=== Assignment ===
Keep only the lines that hold the string "position", filtering out the rest of the entries below.

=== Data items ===
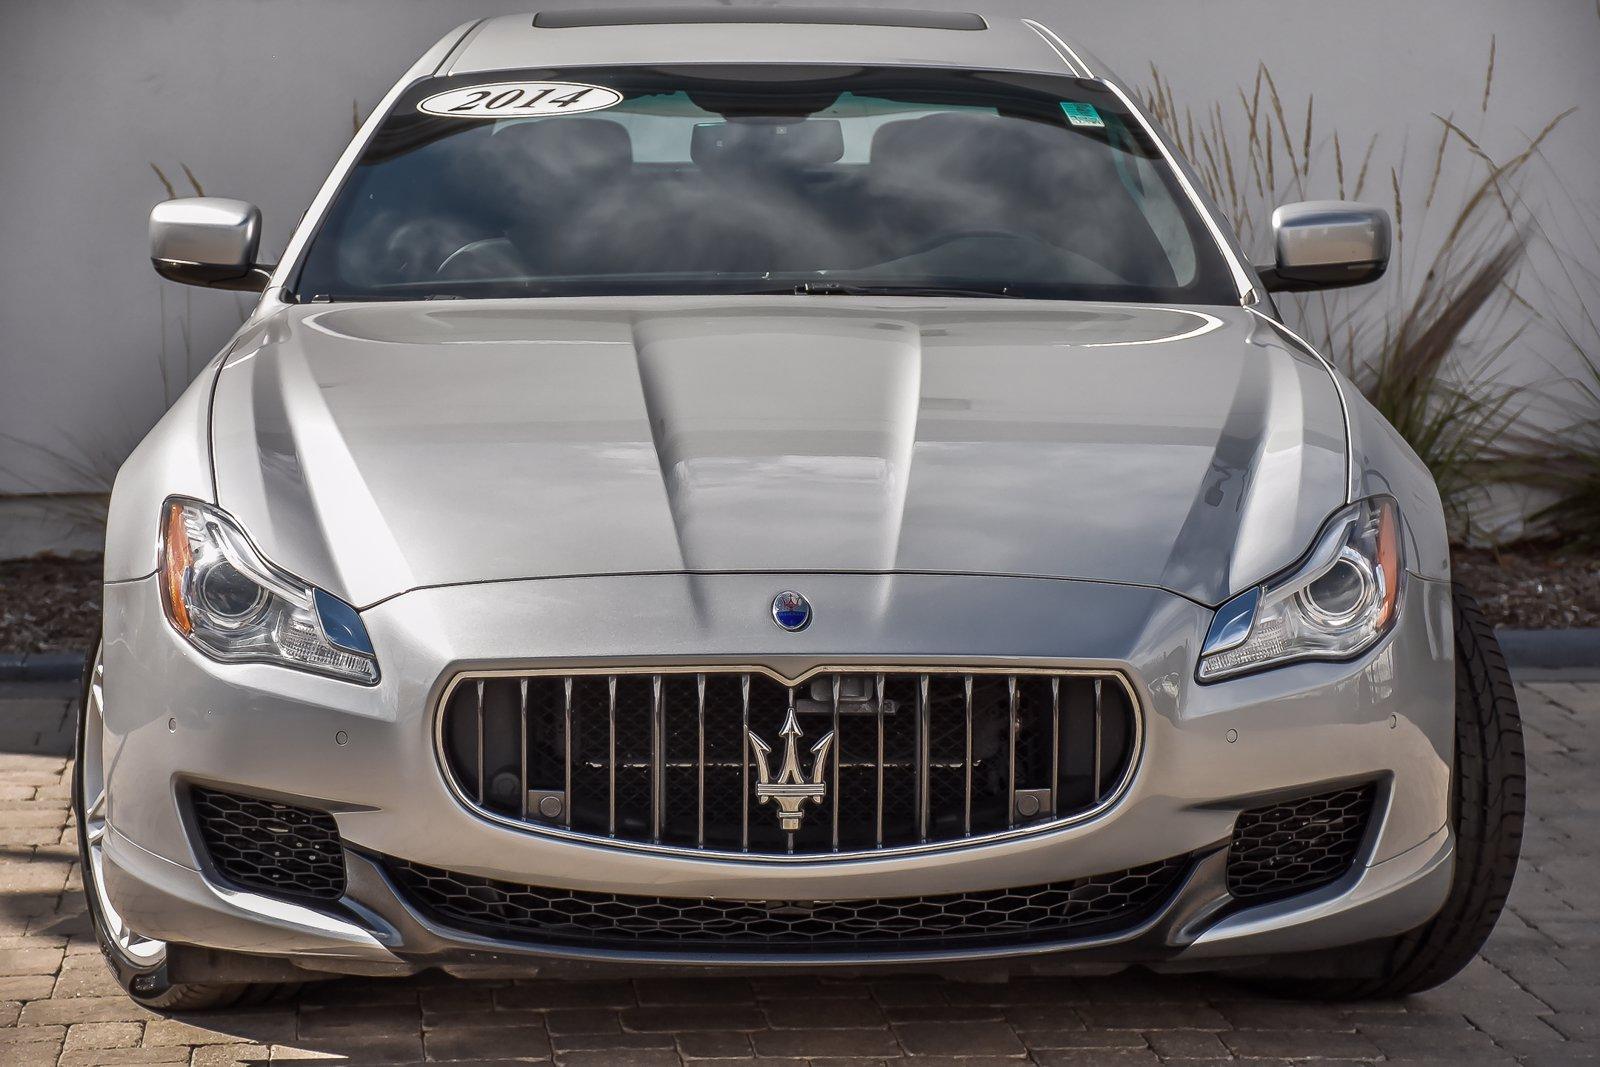 Used 2014 Maserati Quattroporte S Q4 Luxury/Sport Pkg | Downers Grove, IL
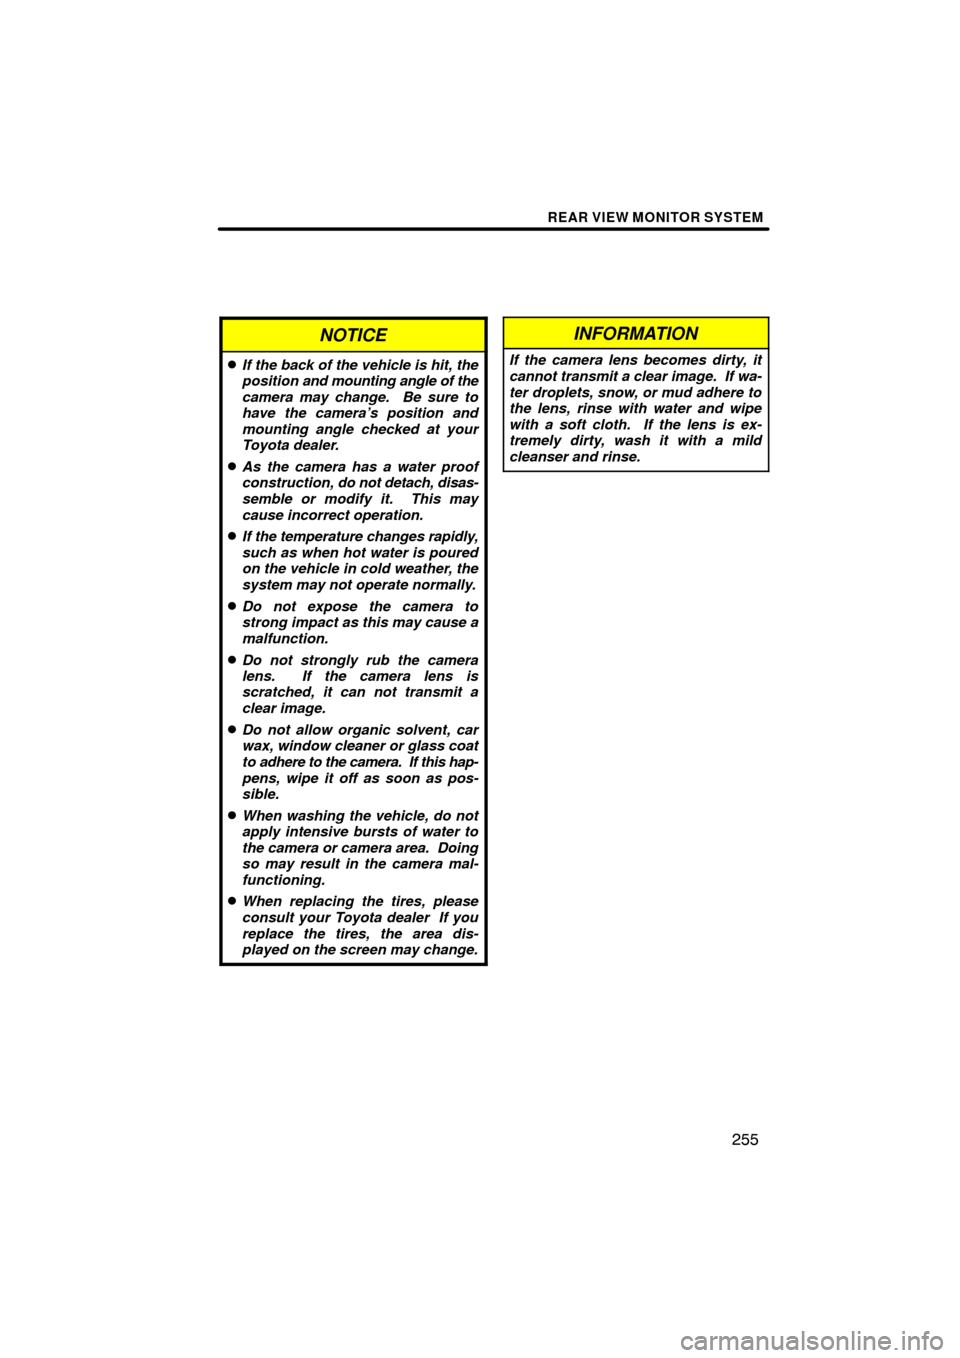 TOYOTA HIGHLANDER 2013 XU50 / 3.G Navigation Manual REAR VIEW MONITOR SYSTEM
255
NOTICE
If the back of the vehicle is hit, the
position and mounting angle of the
camera may change.  Be sure to
have the camera’s position and
mounting angle checked at

=== Result for this exercise ===
position and mounting angle of the
have the camera’s position and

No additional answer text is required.